What, you're going from $500 to $50,000 overnight? Please share your secret plan.
From your previous thread, which answered the same question with the same basic answer:
↑
"I started late last year and I think made less than $500, must I still file taxes?"
Answer:
"It depends on several things- your income and withholding from other sources, if any; your filing status; eligibility for the EIC and other credits, to name a few.

If you have a regular W2 job, and are required to file, and are asking if you need to report rideshare income, the answer is YES. All income has to be reported. But if that's all you made from rideshare, and you kept track of mileage accrued doing it, that income should have no significant impact on your tax return. The income and expenses are reported on Schedule C, Profit and Loss from business, along with Schedule SE, self employment if needed."

Disclosure: I'm not a tax professional.


----------



## steveK2016 (Jul 31, 2016)

SEAL Team 5 said:


> You need 1040 Schedule C and SE. Depending on your market you could have a zero tax liability. Keep a log for all rideshare miles. Keep receipts for all maint/repair on vehicle. Deduct any phone/wireless charges. Deduct any upgrades to your vehicle. Deduct any pax comps (water, mints etc). *Deduct portion of residence for home office*/garage kept vehicle.
> Ask Uber Tax Pro for advice. He's very knowledgeable with taxes.
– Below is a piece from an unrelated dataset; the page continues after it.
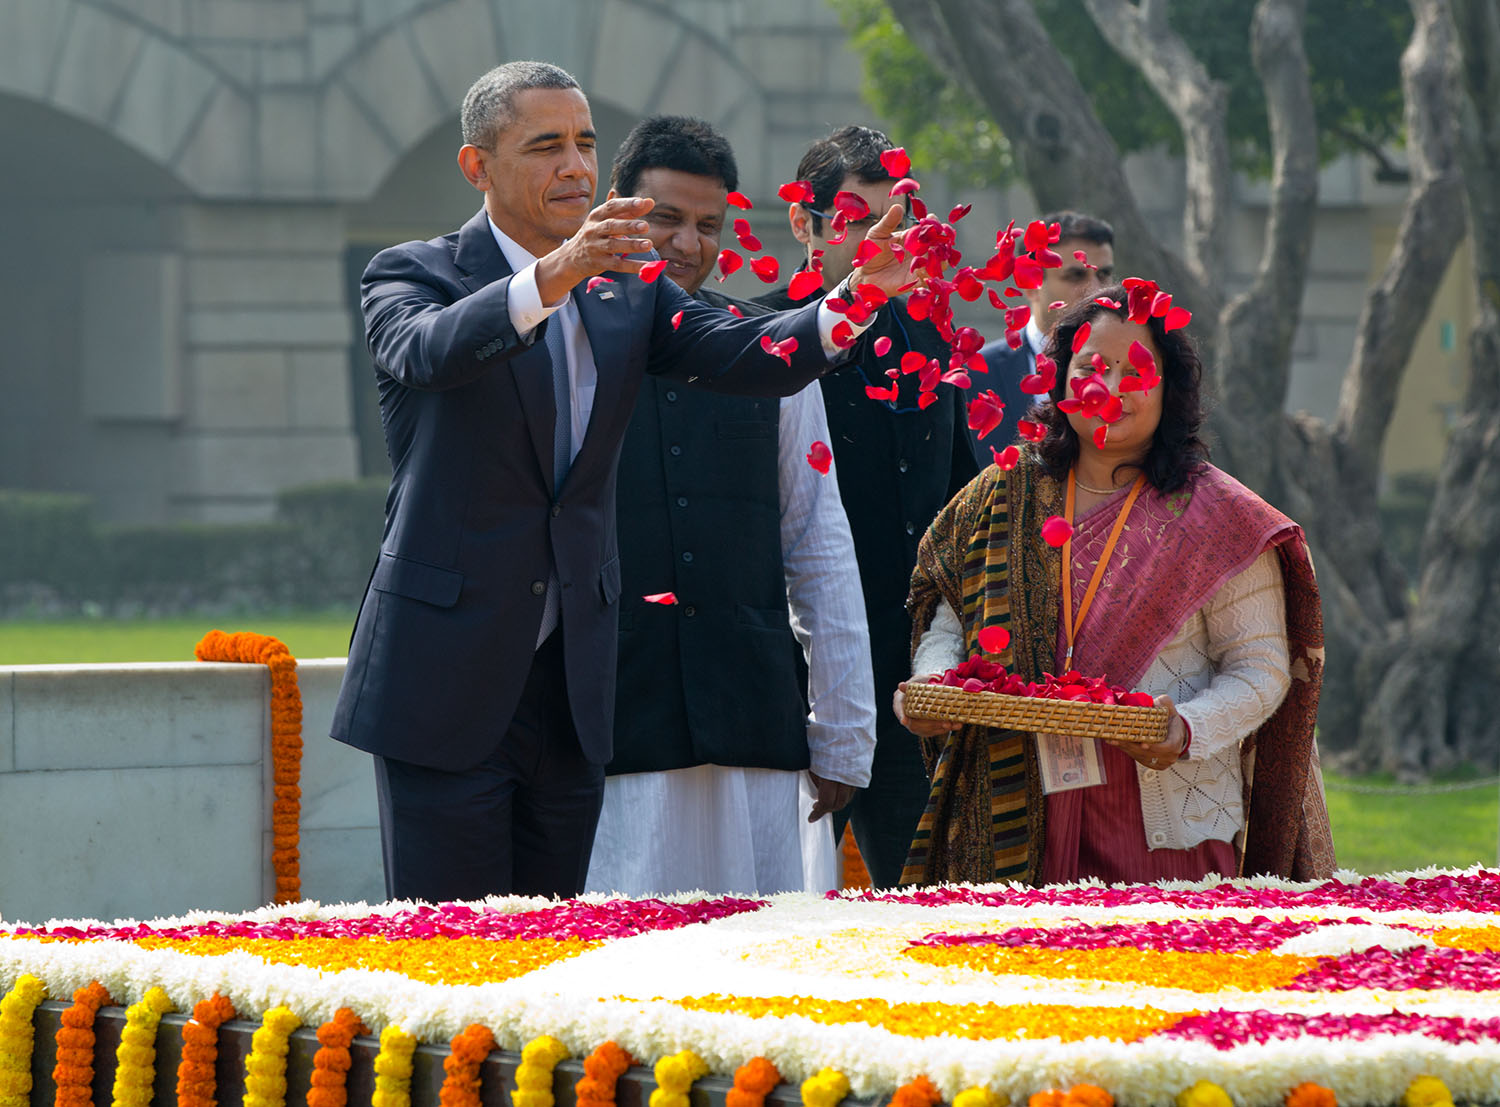 President Obama Drops Petals at Gandhi Memorial

I hear this is a pretty solid red flag for audits....


----------



## Subjugator (Jun 22, 2016)

Keep it simple, don't use home office deduction or try to use square footage of vehicle sitting in garage. Also if you are paying a parking monthly fee for parking your car at home that is not deductible, but paying parking feees while on the road is.


----------



## UberTaxPro (Oct 3, 2014)

steveK2016 said:


> I hear this is a pretty solid red flag for audits....


In 2013 the IRS came out with the "safe-harbor method" of deducting a home office. One benefit of having a home office is that it can make your miles to and from the home office deductible as business expenses. The max deduction is $1500.
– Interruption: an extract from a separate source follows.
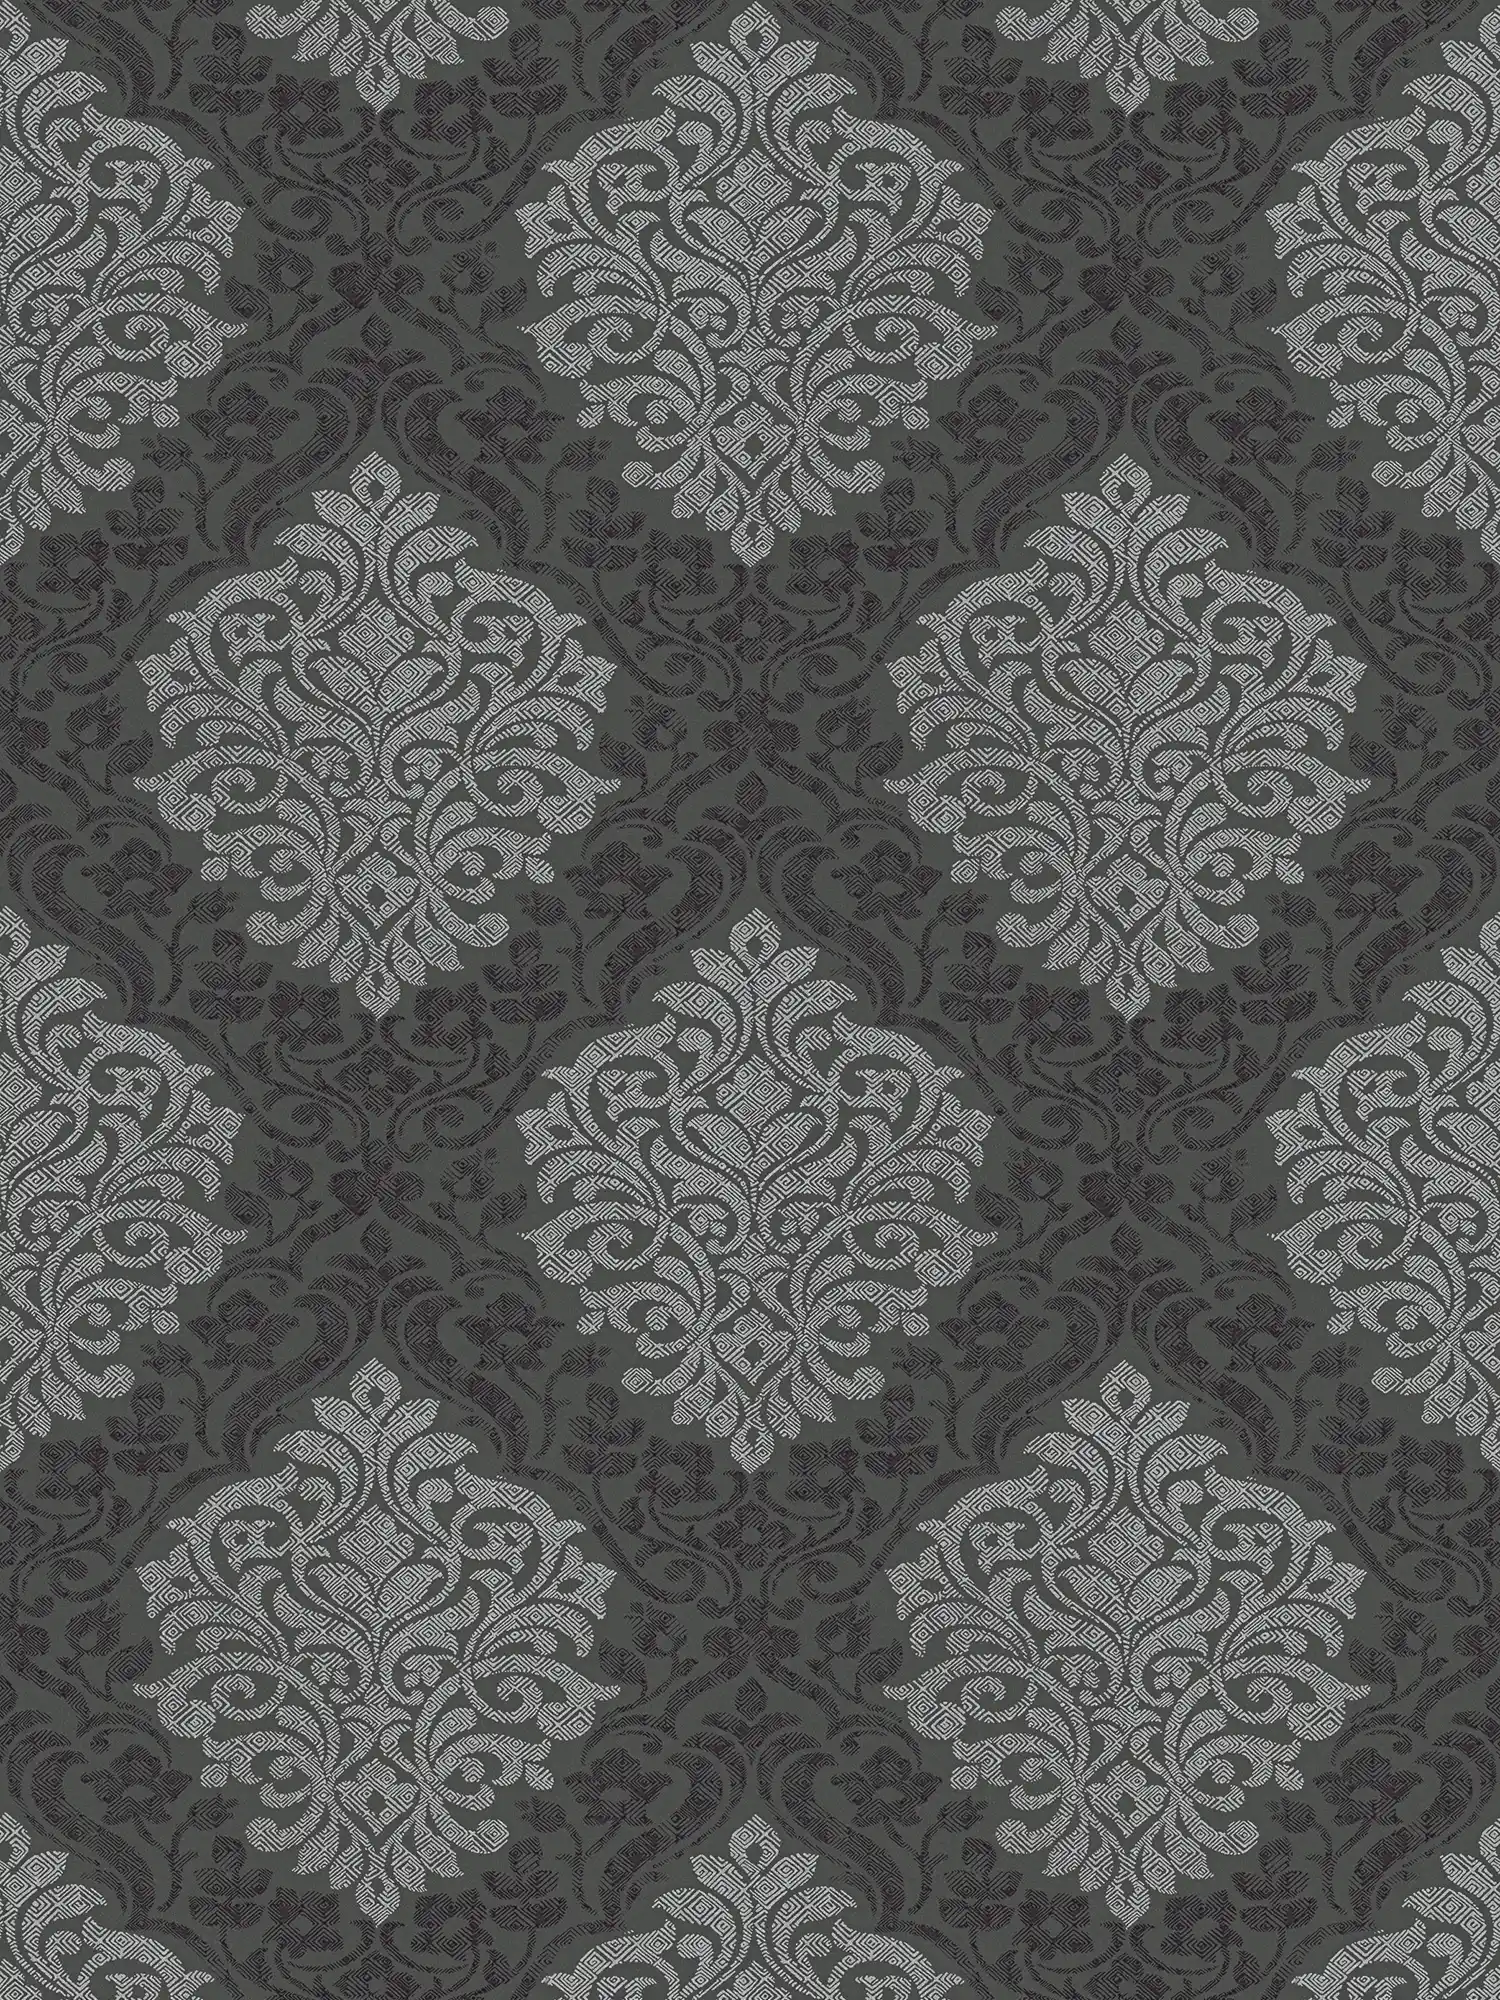 Floraal sierbehang ruitpatroon in ethno stijl - zilver, zwart, grijs

"The new *safe*-*harbor method*, released in Rev. Proc. 2013-13, allows individual taxpayers to calculate a home office deduction by multiplying the allowable square footage of the home office by $5. The allowable square footage is the area of the house used for qualified business use, but not to exceed 300 square feet."


----------



## leosc (Sep 27, 2014)

It's up to you. ^^


----------